Re: Redefining a numeric constant in Fortran (Was Re: why are some types immutable?)

From: Another Jake (anotherjake_at_anotherdoghouse)
Date: 01/17/05


Date: Sun, 16 Jan 2005 22:33:01 -0500

When I was debugging programs about 1970 (IBM360), this was one of the
first things to look for. And, then insist that the student change the
argument from a number to a variable. This was a very popular error
back then. I am guessing it was Fortran IV.

-- AJ, FD

<beliavsky@aol.com> wrote in message
news:1105928084.551657.254220@f14g2000cwb.googlegroups.com...
> Roy Smith wrote (in comp.lang.python):
>
> >Believe it or not, in some early versions of Fortran, numbers were
not
>
> >immutable!

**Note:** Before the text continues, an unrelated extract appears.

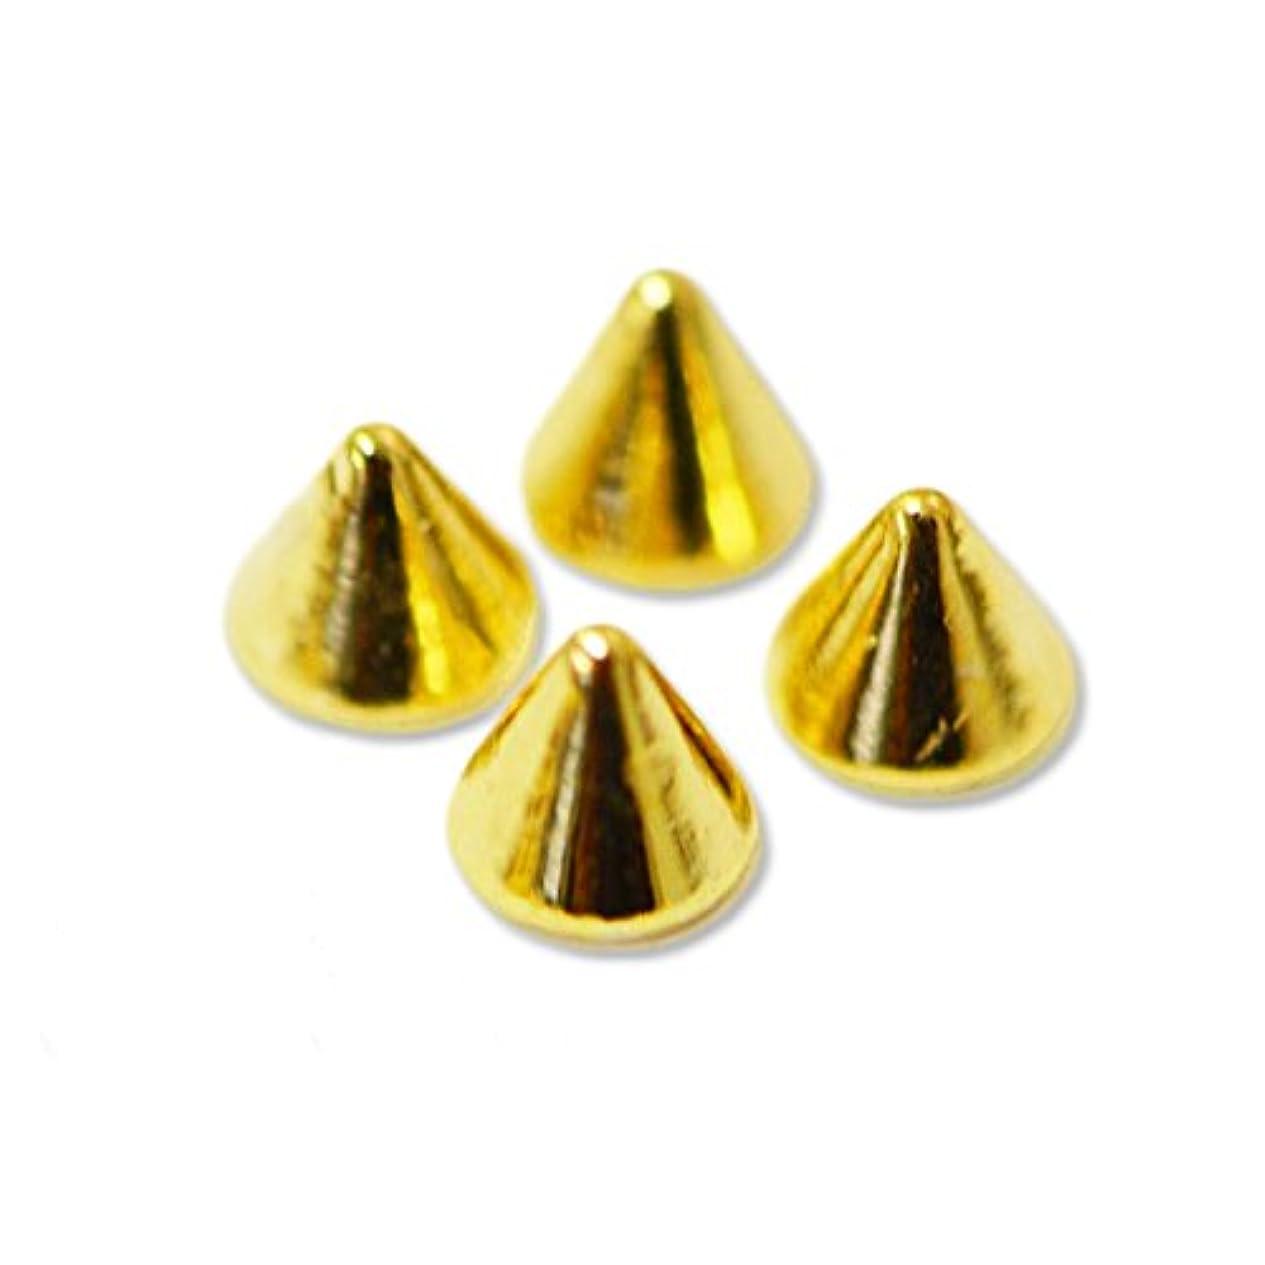 すずめつかいます恩赦ジュエリーメタルパーツ ロックスタッズ 円錐形(コーン)の鋲 : 4個入り ゴールド 直径3mm×高さ2mm

I forget the exact scenario, but if you did something
like:
>
> > subroutine munge (i)
> > i = 3
> > return
>
> >and then in your main program did:
>
>
> > j = 7
> > call munge (7)
> > write (6, 11) j
> > 11 format ('j = ', i6)
>
> >it would print 3! The problem is that numerical constants were
> interned
> >(i.e. in the main program, there was only a single 7 stored in
memory,
>
> >and both uses of 7 referred to the same memory location), and the
> value
> >passed to the subroutine was call by reference. It was almost as if
> the
> >compiler let you say "7 = 3" as an assignment statement.
>
> >Needless to say, people did indeed complain massively.
>
> Was this (the ability to redefine the value of '7') ever really true
of
> Fortran, or a particular Fortran compilers?